4.9. Comparison with Related Studies

In this section, we conduct a comparative analysis of our results in relation to other existing studies, shedding light on both the commonalities and differences observed. We present in Table 8 an overview of how prior research has assessed the proposed methods for automated axiom generation, the summary of their findings, and possible limitations. Additionally, we draw comparisons between our results and those presented in the literature. In Table 8, (1) ✓ indicates that the given criterion is met comprehensively; (2) × signifies the non-fulfillment of the criterion at all; and (3) ≈ denotes an intermediate degree of satisfaction, that is, a partial fulfillment of the criterion.

Table 8 reveals a prevalent trend among researchers, where a significant portion has not taken into consideration the complete spectrum of quality criteria for automated ontology construction. For instance, in Text-To-Onto [14], the primary focus was on pattern-based extraction with limited consideration for logical consistency and scalability, as the approach relied heavily on hand-crafted linguistic patterns that were brittle and domain-dependent. In Statistical Schema Induction [25], the evaluation emphasized distributional patterns but lacked formal consistency guarantees, often leading to semantically incorrect axioms due to over-reliance on frequency alone. Notably, Neural Feature Extractors using RNNs/LSTMs [26,27] demonstrated improved relation extraction but faced architectural limitations in generating complex logical structures, resulting in partial automation that still required manual post-processing. More recently, LLM-based approaches [28] achieved high automation levels but suffered from critical limitations in logical consistency and scalability due to the stochastic nature of generative models and their prohibitive computational costs. In contrast, our proposed pipeline offers a comprehensive evaluation by addressing all key quality criteria, providing compelling evidence that our method effectively bridges the gap between statistical extraction and formal axiomatization. The Transformer-based extraction coupled with deterministic schema mapping guaranties both scalability and logical consistency. The structural coherence method is validated through graph metrics in Table 7, demonstrating well-integrated taxonomic hierarchies with appropriate depth and breadth distributions. Compared to the related works, The bottom row of Table 8 show that our proposed pipeline addresses all four quality criteria used. Our method uses deterministic rules (Rules 1 and 2) with empirically validated thresholds. For example,

τ_{dom} = 0.75

provides a formal guarantee that domain/range assertions are statistically significant, addressing the consistency issues noted in prior work. The findings indicated that our proposed framework can automatically generate both TBox and ABox axioms from textual data while maintaining formal logical integrity.

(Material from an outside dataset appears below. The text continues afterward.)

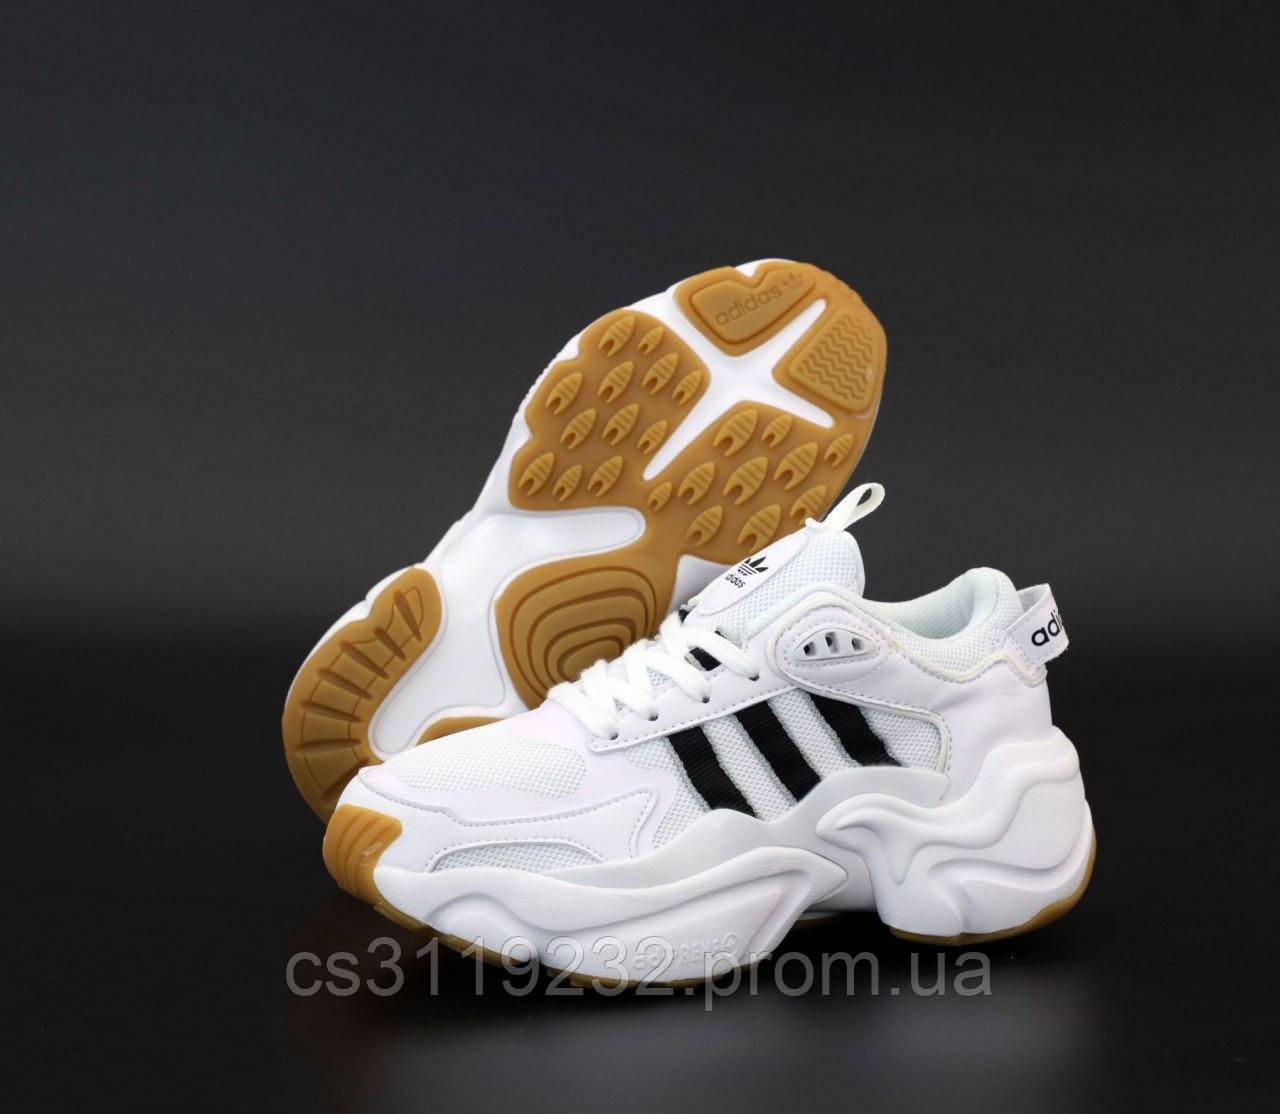 Мужские кроссовки Adidas Consortium x Naked Magmur Runner White (белые)

4.10. Quantitative Comparison with State-of-the-Art Axiom Generation Approaches

To contextualize our results, we compare with representative axiom generation approaches. While direct comparison is challenging due to differing evaluation metrics and experimental setups, we normalize reported results to common dimensions:

Statistical Methods: Text-to-Onto [14] reports 65–70% accuracy for taxonomic relation discovery on similar corpora, compared to our $88 %$ expert acceptance rate for subclass axioms. Similarly, Statistical Schema Induction [25] achieves $72 %$ clustering accuracy for domain/range constraint induction, while our approach attains 95.5–99.8% confidence scores for property typing with guaranteed logical consistency. These comparisons demonstrate that our method not only matches but exceeds the reliability of statistical approaches while adding formal consistency guarantees.
Neural Extractor Methods: Chen et al. [26] report $78 %$ consistency for ontology alignment tasks using LSTM encoder, while our approach achieves $100 %$ logical consistency across all generated ontologies.
LLM Methods: He [28] reports 69–72% accuracy for direct axiom generation via prompting, but notes significant consistency issues ( $18 %$ inconsistency rate). Our deterministic schema mapping eliminates such inconsistencies while maintaining comparable coverage.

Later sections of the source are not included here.